When a virtual machine is created with one or more virtual network adapters, a MAC address is generated for each virtual adapter. Just as Intel, Broadcom, and others manufacture network adapters and include unique MAC address strings, VMware is also a network adapter manufacturer that has its own MAC prefix to ensure uniqueness. Of course, VMware doesn't actually manufacture anything, since the product exists as a virtual NIC in a virtual machine. The six-byte, randomly generated MAC addresses for a virtual machine can be seen in the configuration file (.vmx) of the virtual machine, as shown in Figure 3.38. A VMware-assigned MAC address begins with the prefix 00:50:56 or 00:0C:29. The value of the fourth set (XX) cannot exceed 3F to prevent conflicts with other VMware products, while the fifth and sixth sets (YY:ZZ) are generated randomly based on the Universally Unique Identifier (UUID) of the virtual machine that is tied to the location of the virtual machine. For this reason, when a virtual machine location is changed a prompt will appear prior to successful boot. The prompt will inquire about keeping the UUID or generating a new UUID, which helps prevent MAC address conflicts.

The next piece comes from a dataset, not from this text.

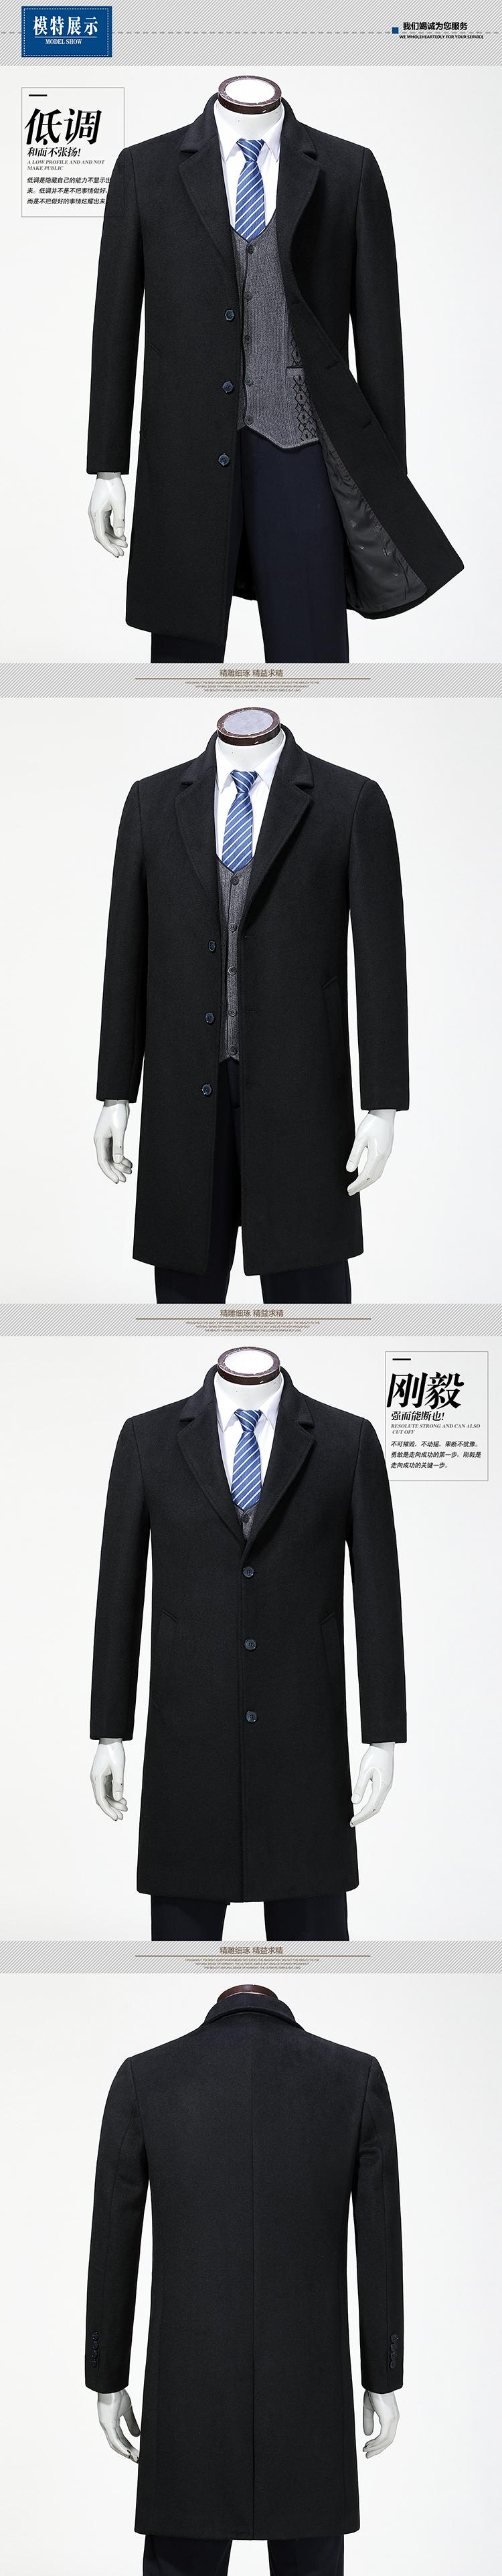 Cao cấp của nam giới cashmere coat phù hợp với cổ áo Người Anh len áo khoác áo gió phần dài nam áo khoác kinh doanh daddy
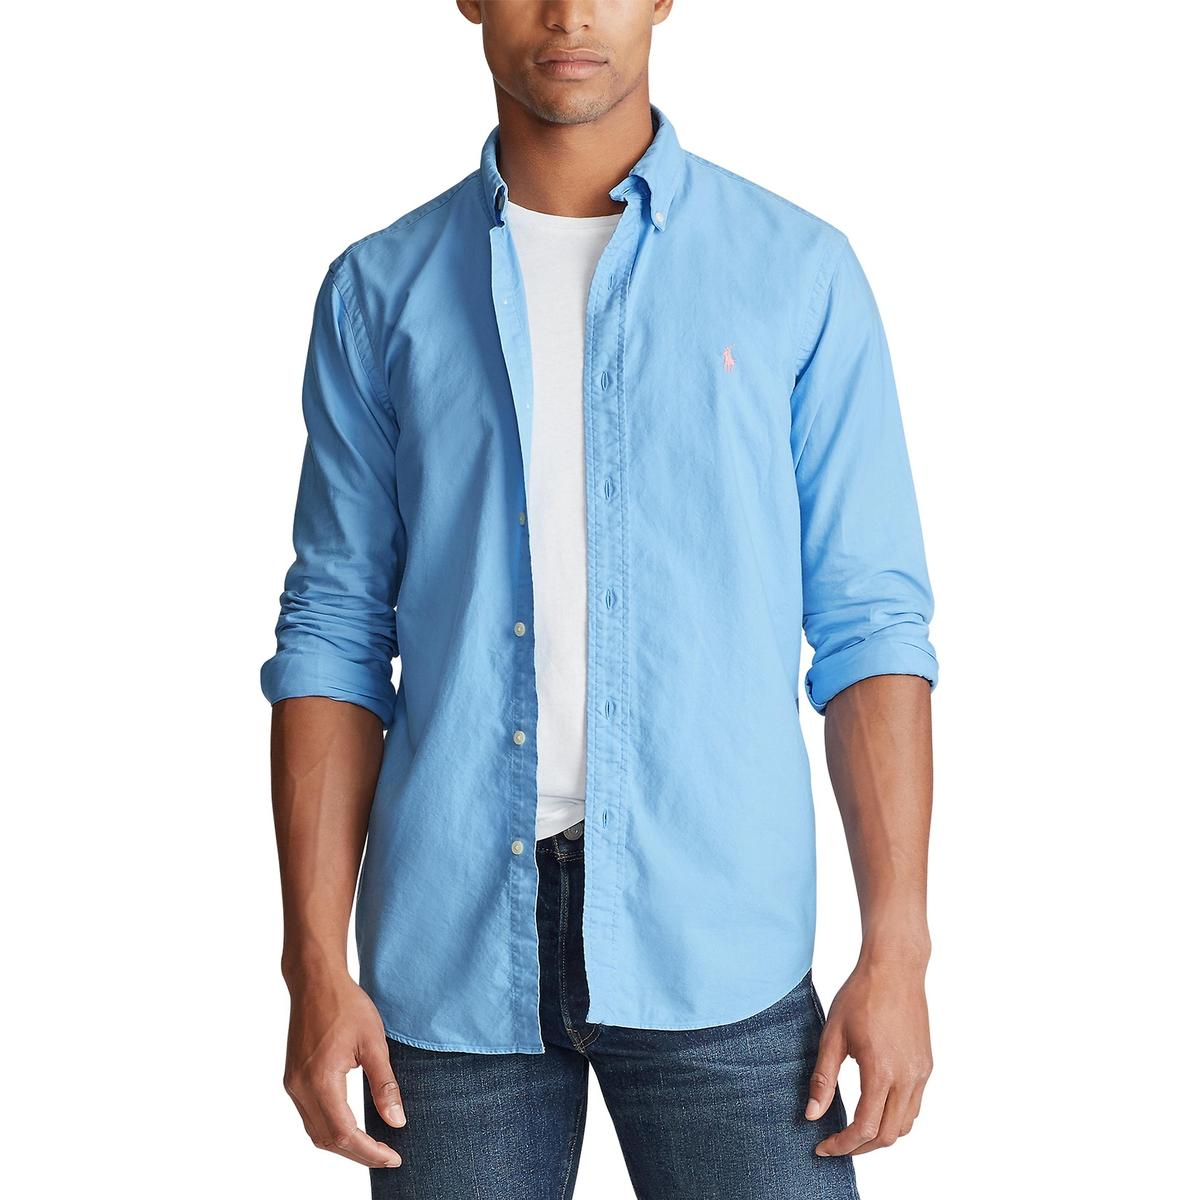 Рубашка La Redoute Узкого покроя из ткани оксфорд M синий рубашка la redoute из ткани оксфорд 16 лет 162 см синий

Figure 3.37 Promiscuous mode, though a reduction in security, is required when using an intrusion detection system.

Figure 3.38 A virtual machine's initial MAC address is automatically generated and listed in the configuration file for the virtual machine. 

Manually configuring a MAC address in the configuration file of a virtual machine will not work unless the first three bytes are VMware-provided prefixes and the last three bytes are unique. If a non-VMware MAC prefix is entered in the configuration file, the virtual machine will not power on.

All virtual machines have two MAC addresses: the initial MAC and the effective MAC. The initial MAC address is the MAC discussed in the previous paragraph that is generated automatically and that resides in the configuration file. The guest operating system has no control over the initial MAC address. The effective MAC address is the MAC address configured by the guest operating system that is used during communication with other systems. The effective MAC address is included in network communication as the source MAC of the virtual machine. By default, these two addresses are identical. To force a non-VMware-assigned MAC address to a guest operating system, change the effective MAC address from within the guest operating system, as shown in Figure 3.39.

Figure 3.39 A virtual machine's source MAC address is the effective MAC address, which by default matches the initial MAC address configured in the VMX file. The effective MAC, however, can be changed in the guest operating system.